Джессика посмотрела на нее так, словно не слышала вопроса. Ее взгляд скользнул в сторону, и она снова погрузилась в транс.
Кэсси подалась вперед.
— Джессика, — мягко произнесла она, — Кэти напугал кто-то другой?
Голова Джессики слегка качнулась, губы зашевелились. Она протянула руку и ущипнула Кэсси за рукав.
— Это настоящее? — прошептала она.
— Да, Джессика, — ласково отозвалась Розалинда. Она отняла руку сестры и, крепко прижав к себе девочку, погладила по волосам. — Да, настоящее.
Джессика отрешенно смотрела из-под ее ладони.
Доступа к Интернету у них не имелось, что исключало вариант с чокнутым собеседником из чата, живущим где-нибудь на другом краю света. Не было у них и охранной системы, но ведь Кэти не похитили из собственной кровати. Мы нашли ее одетой — Маргарет упоминала, что дочь всегда отличалась аккуратностью, усвоив эту привычку от своей преподавательницы балета, которую обожала. Она выключила свет, подождала, когда родители заснут, а потом глубокой ночью или рано утром потихоньку встала, оделась и выскользнула из дома. В кармане у Кэти лежали ключи — значит, она хотела вернуться.
Мы обыскали ее комнату, надеясь найти хоть какой-нибудь намек на то, куда могла отправиться Кэти. Имелась еще скверная, но все же допустимая возможность, что ее могли убить сами Девлины, а потом обставить все так, будто она ушла из дому живой. У Кэти и Джессики была одна спальня на двоих. Окно показалось мне маленьким, а лампочка тусклой, что усилило неприятное впечатление от дома. На стороне Джессики мрачную стену украшали репродукции идиллических картин: полотна импрессионистов, феи Рэкхэма, [3] пейзажи из Толкина («Это я ей все дала, — сказала с порога Розалинда. — Верно, котеночек?» Джессика кивнула, глядя на свои туфли).
Стена Кэти, разумеется, была посвящена балету: фото Барышникова и Марго Фонтейн, вырезанные из журналов, плохой снимок Павловой, письмо с приглашением из балетной школы, симпатичный рисунок юной танцовщицы с надписью на листе картона: «Кэти, 21/03/03. С днем рождения! Люблю. Твой папа».
На кровати Кэти валялась скомканная белая пижама, которую она надела в понедельник ночью. На всякий случай мы прихватили ее вместе с постельным бельем и мобильным телефоном, лежавшим выключенным в тумбочке возле кровати. Дневник она не вела. «Начинала, но через пару месяцев он ей надоел, и она его „потеряла“, — объяснила Розалинда, подчеркнув интонацией кавычки и грустно улыбнувшись, — а за новый так и не взялась». Мы забрали ее школьные тетради, ученический дневник и все, что могло пролить хоть слабый свет на эту историю. У каждой девочки имелся свой столик; на том, что принадлежал Кэти, стояла круглая коробочка с лентами для волос. Что-то кольнуло меня в сердце, когда я узнал шелковые васильки.

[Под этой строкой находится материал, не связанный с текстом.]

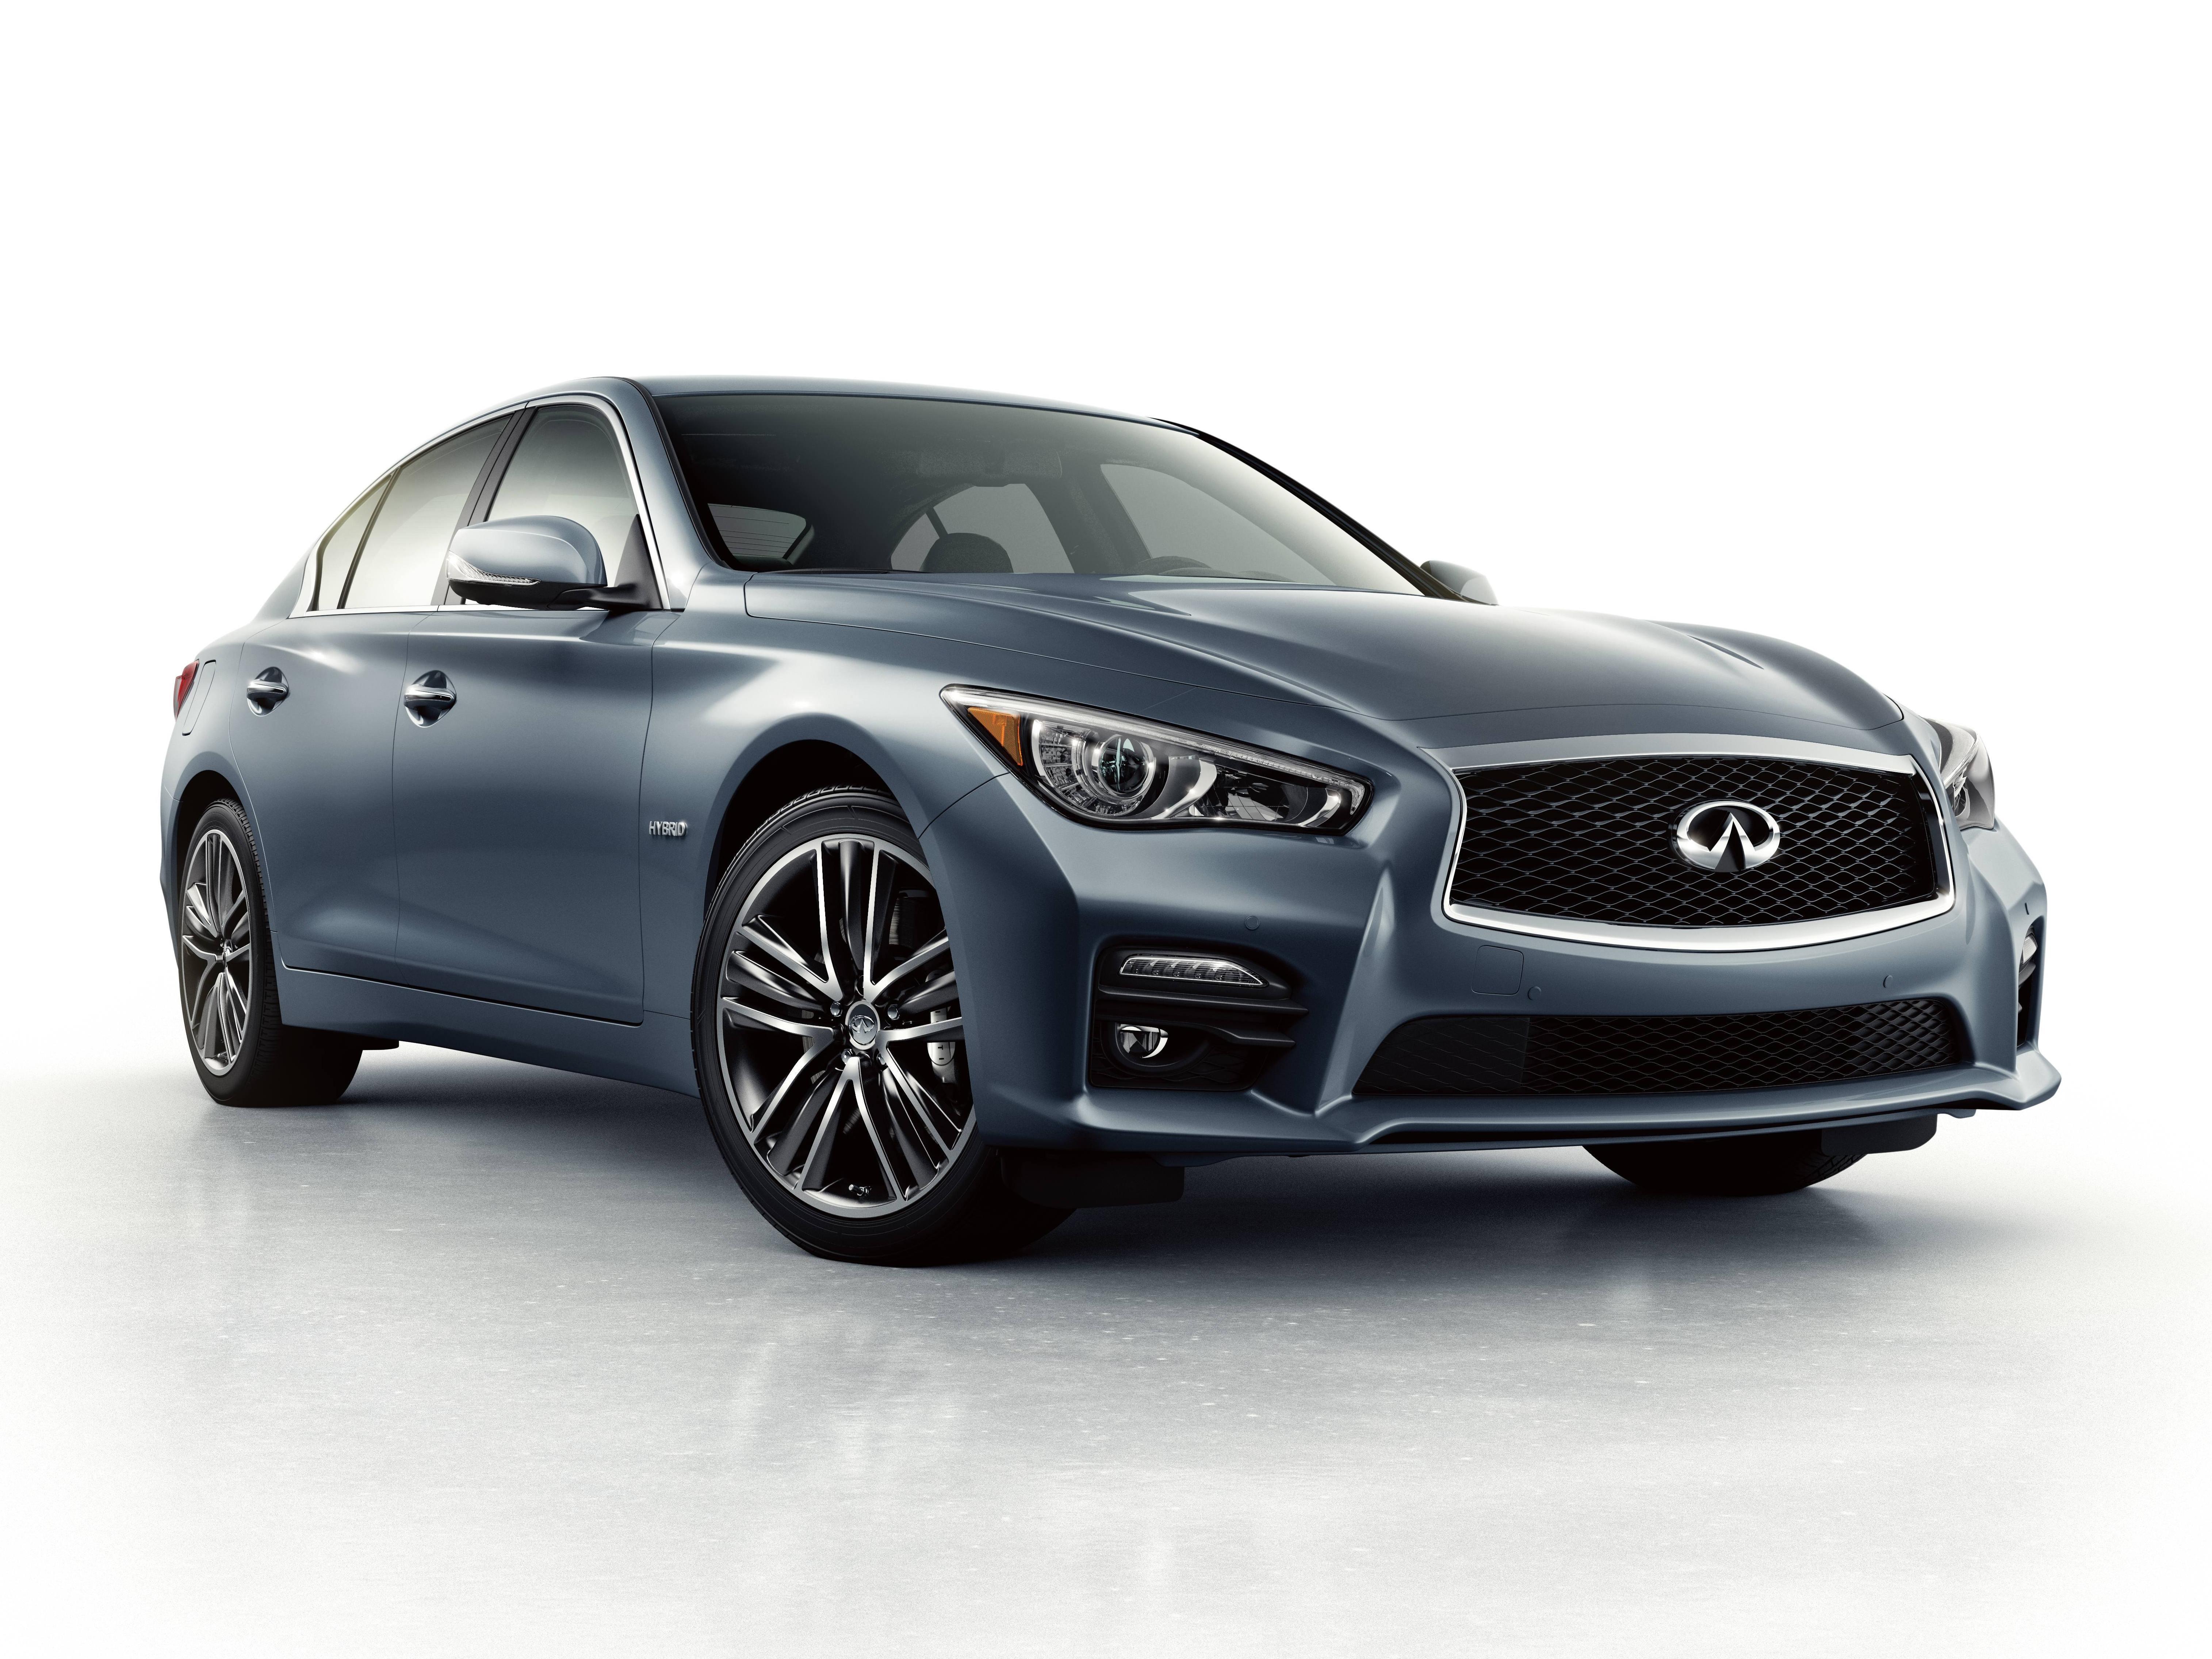 graphite infiniti sedan highlighting led front in fascia headlights pin exterior shadow infinity cars

— Уф! — выдохнула Кэсси, когда мы вышли из поселка на дорогу. Она подняла руку и взлохматила свои волосы.
— Где-то я уже слышал это имя, причем не так давно, — произнес я. — Джонатан Девлин. Когда вернемся, надо поискать в компьютере и проверить, нет ли на него досье.
— Черт, надеюсь, все действительно окажется настолько просто, — пробормотала Кэсси. — У меня от этого дома мурашки бегают.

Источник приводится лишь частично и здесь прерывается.